Но Гойя молчал. Он не находил слов. Чувства, испытанные им в тот день, были слишком сложными. Он увидел больше, чем страдания Олавиде и зверский фанатизм судей. Он видел демонов, окружавших судей, еретиков, гостей, – они летали, ползали вокруг них, замирали на месте, словно готовясь к прыжку; это были те самые демоны, что всегда неотступно следуют за человеком, он видел их наглые, ухмыляющиеся рожи. Более того, он сам – и этого никогда не поймет добродетельный трезвенник Агустин, – он сам, при всем сострадании и отвращении, при всей ненависти, которую пробудило в нем это жуткое зрелище, ощущал, как ликуют внутри его демоны. Мало того – в нем снова ожила та по-детски жадная, смешанная со страхом радость, которую он испытал при виде осужденных и горящих в пламени еретиков. Эту сложную гамму чувств, этот калейдоскоп старых, потемневших от времени и новых лиц невозможно было выразить словами.

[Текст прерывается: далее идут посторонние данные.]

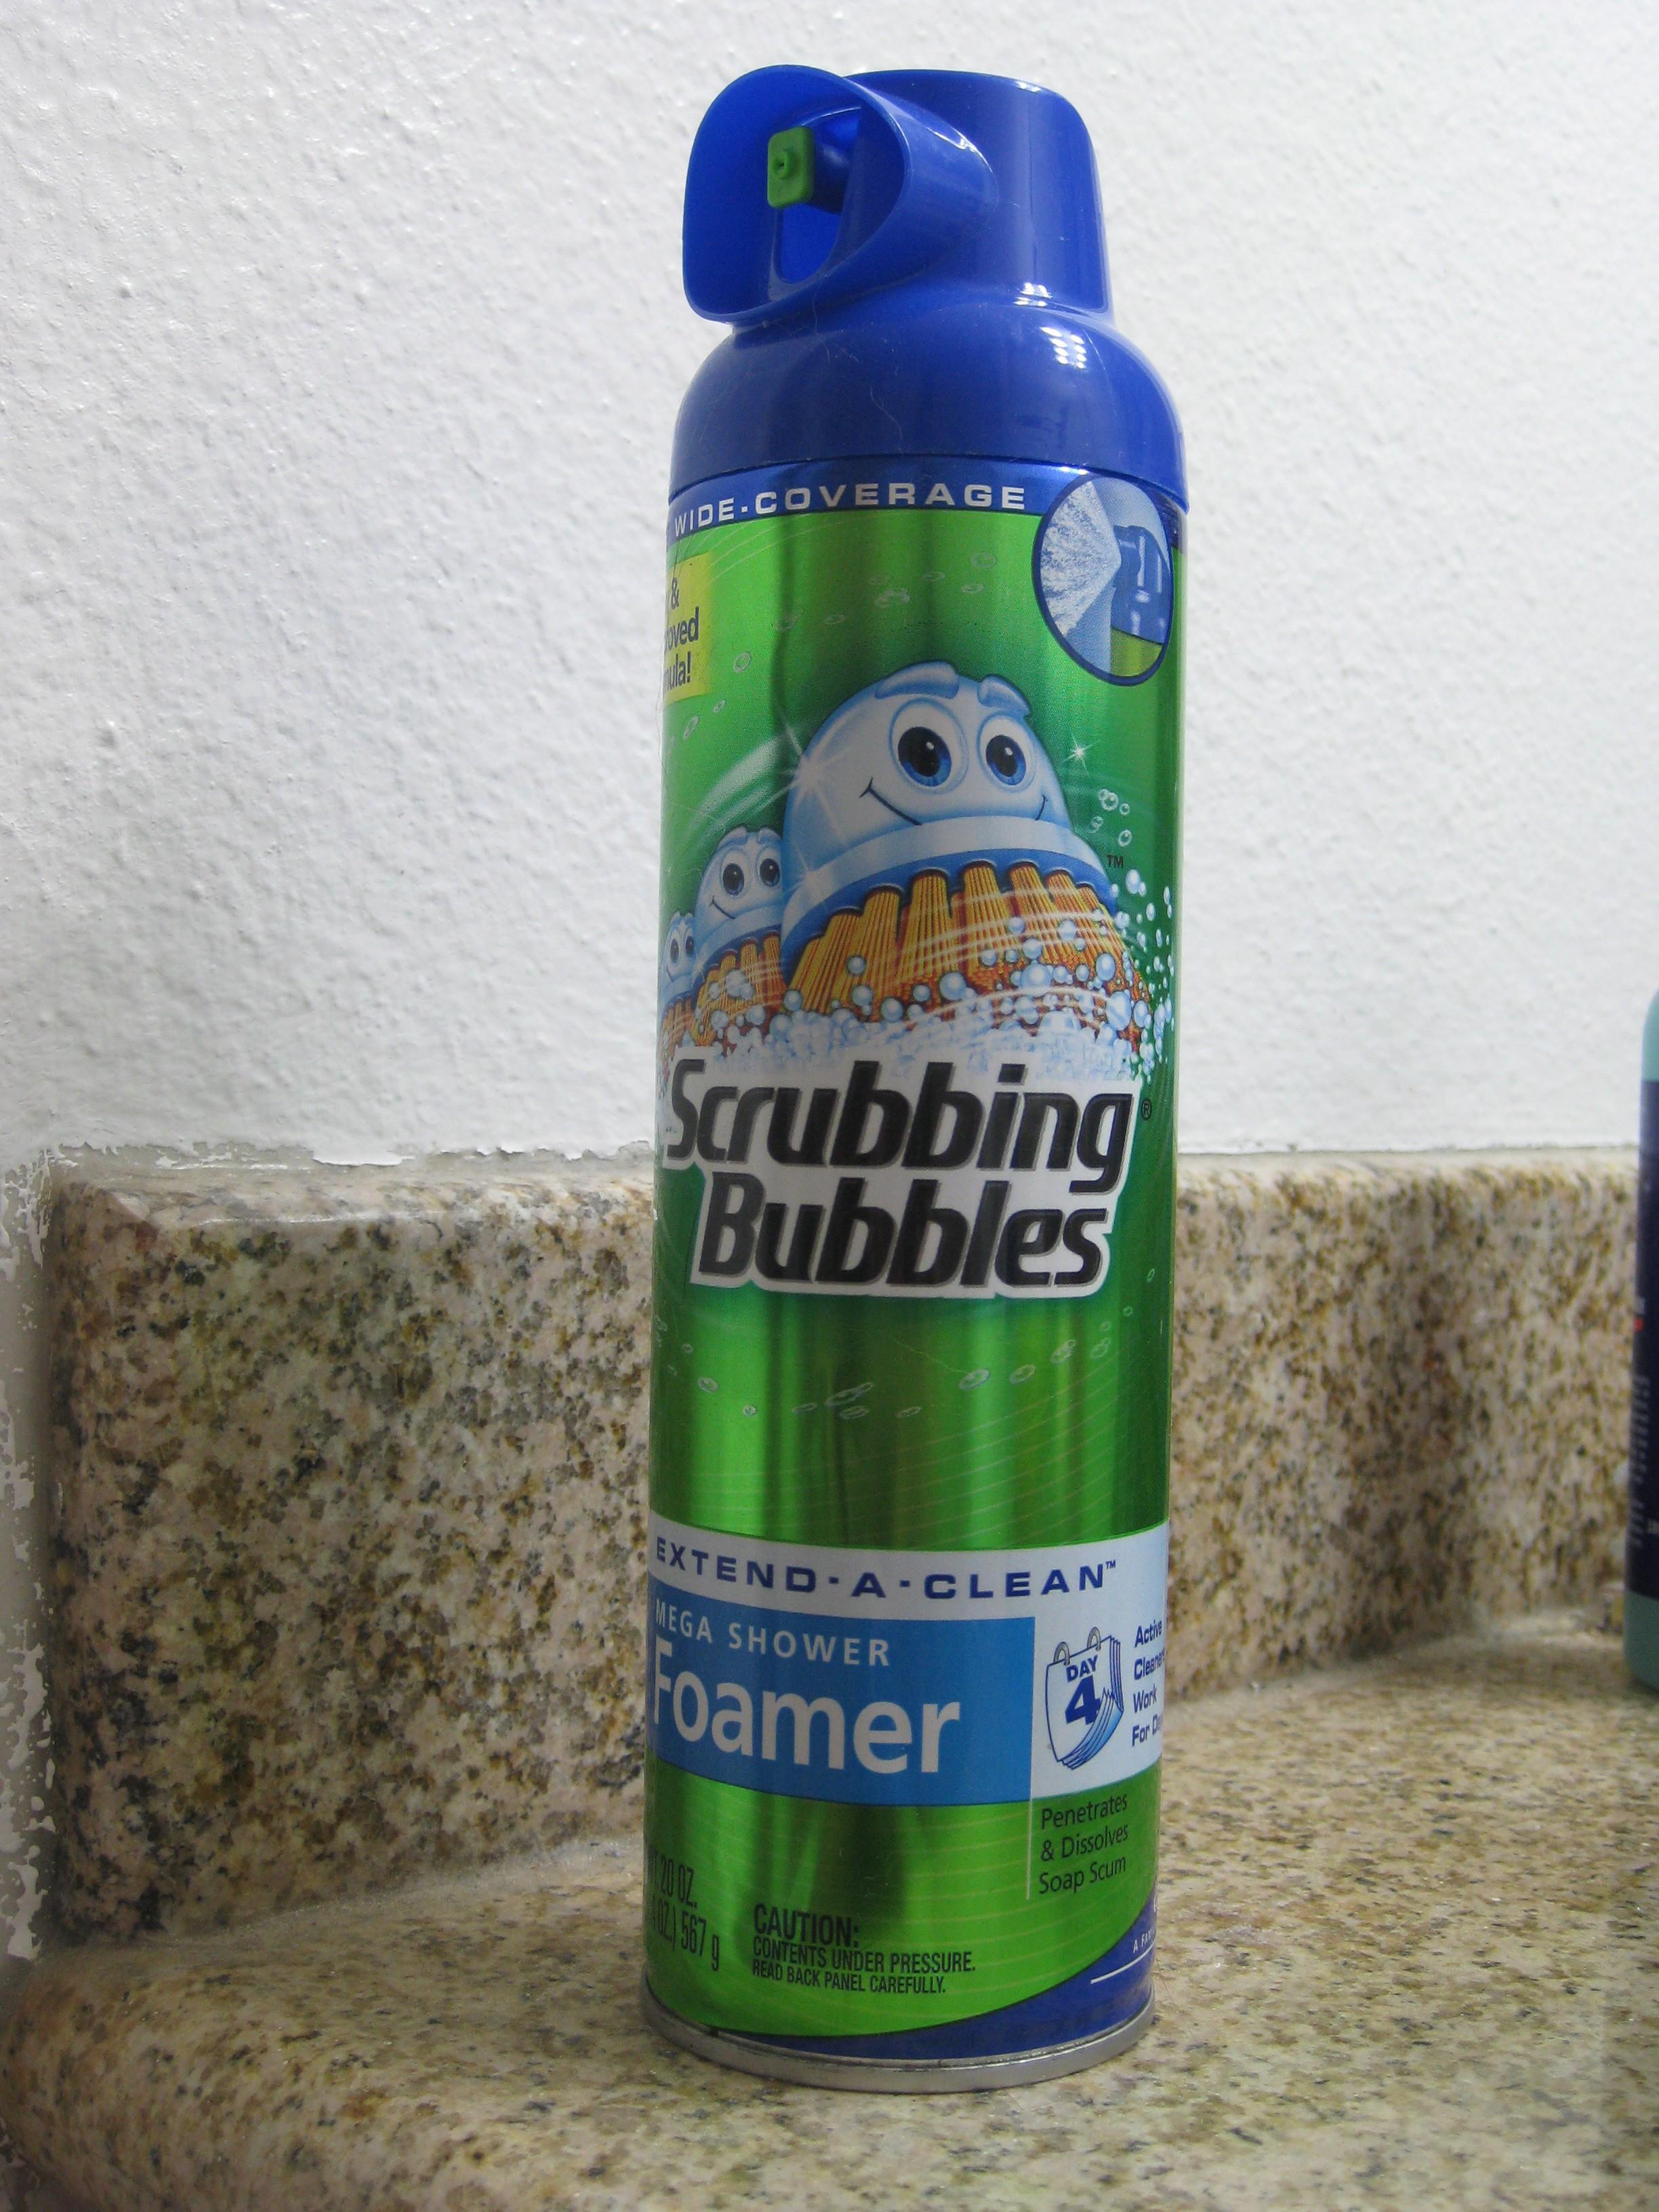 Scrubbing Bubbles Mega Shower Foamer Reviews In Bathroom

Это можно было только написать.
И он стал писать. Отложил все остальное и писал. Отменил сеансы, назначенные Князем Миротворцем. Отказал себе в удовольствии видеть Каэтану. Никого не пускал в мастерскую. Даже Агустина попросил не смотреть, как он работает: когда он закончит, Агустин первым увидит результат.
Он надевал для работы лучшие свои платья, иногда костюм махо, хотя в нем было неудобно.

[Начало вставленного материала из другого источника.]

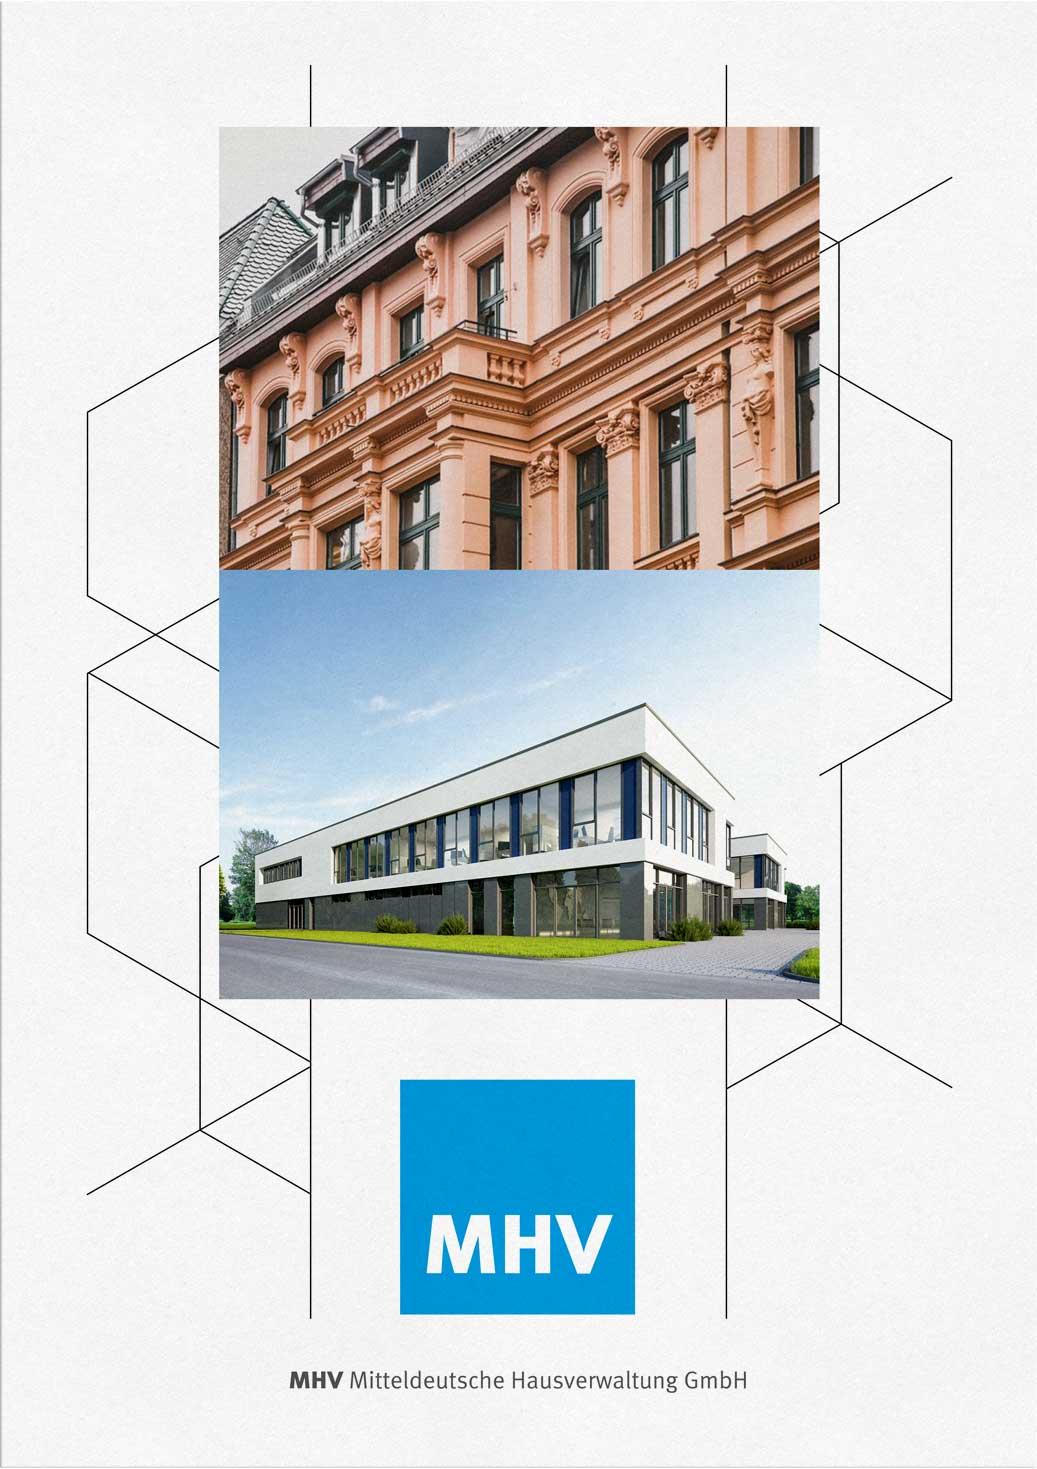 MHV - Mitteldeutsche Hausverwaltung GmbH

Работал он быстро, но напряженно. Работал даже ночью, надевая для этого особую шляпу с прикрепленной к ней металлической пластиной, на которую ставил свечи, чтобы добиться нужного освещения.
Он чувствовал, что после «Праздника святого Исидро» глаз у него стал острее, а палитра – богаче. Им овладело радостное возбуждение. Смущенно, с трудом подавляя ликующие нотки, писал он своему сердечному другу Мартину, что работает теперь над несколькими маленькими картинами, для себя, в свое удовольствие, следуя – в отличие от заказных вещей – лишь велению сердца, собственному впечатлению и настроению, что дал наконец волю фантазии и пишет мир таким, каким видит его сам. «Все выходит замечательно! – писал он. – И я выставлю эти картины, сначала дома, для друзей, а потом в Академии. Мне хотелось бы только одного, душа моя Мартин, – чтобы ты поскорее приехал посмотреть на них». В конце письма он поставил большой крест, чтобы злые демоны, чего доброго, не вмешались и не отравили ему радость в наказание за его дерзкую самоуверенность.
И вот наступил день, когда он с почти мрачным удовлетворением смог наконец сказать Агустину:
– Всё. Готово. Теперь можешь посмотреть. А если захочешь – даже что-нибудь сказать.
Да, это были необычные картины.
Одна изображала убогую деревенскую корриду – арену с тореадорами, лошадьми и зрителями на фоне нескольких безликих строений. Бык, затравленный, истекающий кровью, трусливый, никудышный, жмется к ограде, пускает мочу и не хочет бороться за свою жизнь, у него одно желание – поскорее умереть. Зрители возмущены трусостью животного, лишившего их удовольствия, за которое они заплатили, эта подлая тварь не желает выходить на арену, на солнце, а предпочитает околеть в тени. В пространстве картины бык занимал не много места; собственно, Франсиско хотел изобразить не столько быка, сколько его участь, а для этого ему в равной мере нужны были и тореадоры, и зрители, и лошади, и сам бык. В этой многофигурной композиции не было ничего лишнего.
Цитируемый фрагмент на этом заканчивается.